(Collected data)
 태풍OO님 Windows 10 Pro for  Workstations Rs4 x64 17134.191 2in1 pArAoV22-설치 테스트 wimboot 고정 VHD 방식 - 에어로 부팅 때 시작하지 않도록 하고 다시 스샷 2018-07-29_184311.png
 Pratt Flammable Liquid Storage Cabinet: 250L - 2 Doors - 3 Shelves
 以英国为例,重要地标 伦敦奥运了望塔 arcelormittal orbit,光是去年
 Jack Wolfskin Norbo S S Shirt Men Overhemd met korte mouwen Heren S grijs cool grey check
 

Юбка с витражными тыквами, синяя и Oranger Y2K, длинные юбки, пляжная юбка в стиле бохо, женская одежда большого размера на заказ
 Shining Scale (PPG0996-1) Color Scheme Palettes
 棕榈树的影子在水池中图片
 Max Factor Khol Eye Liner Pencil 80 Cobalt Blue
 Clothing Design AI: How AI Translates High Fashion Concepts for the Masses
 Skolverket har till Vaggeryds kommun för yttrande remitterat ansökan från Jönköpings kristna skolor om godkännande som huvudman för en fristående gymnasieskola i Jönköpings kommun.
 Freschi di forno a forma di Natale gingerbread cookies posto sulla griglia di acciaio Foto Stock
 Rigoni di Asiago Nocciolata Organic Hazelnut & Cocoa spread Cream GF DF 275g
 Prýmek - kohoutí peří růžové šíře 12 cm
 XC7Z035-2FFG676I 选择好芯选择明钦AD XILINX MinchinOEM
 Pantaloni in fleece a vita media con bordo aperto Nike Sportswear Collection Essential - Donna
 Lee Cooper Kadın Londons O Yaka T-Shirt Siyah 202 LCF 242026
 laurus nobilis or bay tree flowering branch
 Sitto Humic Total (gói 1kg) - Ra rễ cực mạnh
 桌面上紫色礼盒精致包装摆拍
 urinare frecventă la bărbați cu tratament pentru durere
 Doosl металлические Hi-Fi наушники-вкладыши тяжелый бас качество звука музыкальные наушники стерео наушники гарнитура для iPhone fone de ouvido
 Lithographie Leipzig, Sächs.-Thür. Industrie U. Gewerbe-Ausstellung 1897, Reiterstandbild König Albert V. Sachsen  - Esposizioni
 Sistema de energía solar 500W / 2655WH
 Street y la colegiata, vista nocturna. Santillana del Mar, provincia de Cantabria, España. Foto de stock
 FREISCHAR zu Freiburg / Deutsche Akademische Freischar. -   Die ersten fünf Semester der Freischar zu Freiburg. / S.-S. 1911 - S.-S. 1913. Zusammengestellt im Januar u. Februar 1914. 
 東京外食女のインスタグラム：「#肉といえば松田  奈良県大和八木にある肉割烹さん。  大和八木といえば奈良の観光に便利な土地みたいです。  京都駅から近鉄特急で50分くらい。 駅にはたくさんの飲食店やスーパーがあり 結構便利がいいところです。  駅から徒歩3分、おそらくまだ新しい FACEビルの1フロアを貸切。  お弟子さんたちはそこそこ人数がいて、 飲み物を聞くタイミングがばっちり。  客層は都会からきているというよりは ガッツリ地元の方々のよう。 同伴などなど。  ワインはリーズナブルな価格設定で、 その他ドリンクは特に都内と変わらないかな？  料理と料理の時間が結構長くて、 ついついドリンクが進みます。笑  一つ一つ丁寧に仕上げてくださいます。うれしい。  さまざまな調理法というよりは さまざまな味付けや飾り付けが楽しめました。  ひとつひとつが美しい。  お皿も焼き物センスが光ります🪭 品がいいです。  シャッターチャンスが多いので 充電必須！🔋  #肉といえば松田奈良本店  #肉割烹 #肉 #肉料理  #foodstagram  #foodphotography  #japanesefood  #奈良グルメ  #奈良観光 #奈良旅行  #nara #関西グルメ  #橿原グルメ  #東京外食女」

Task objective
Provide the number of lines in the records above containing the string "Shirt", and write nothing more.

Exercise result
2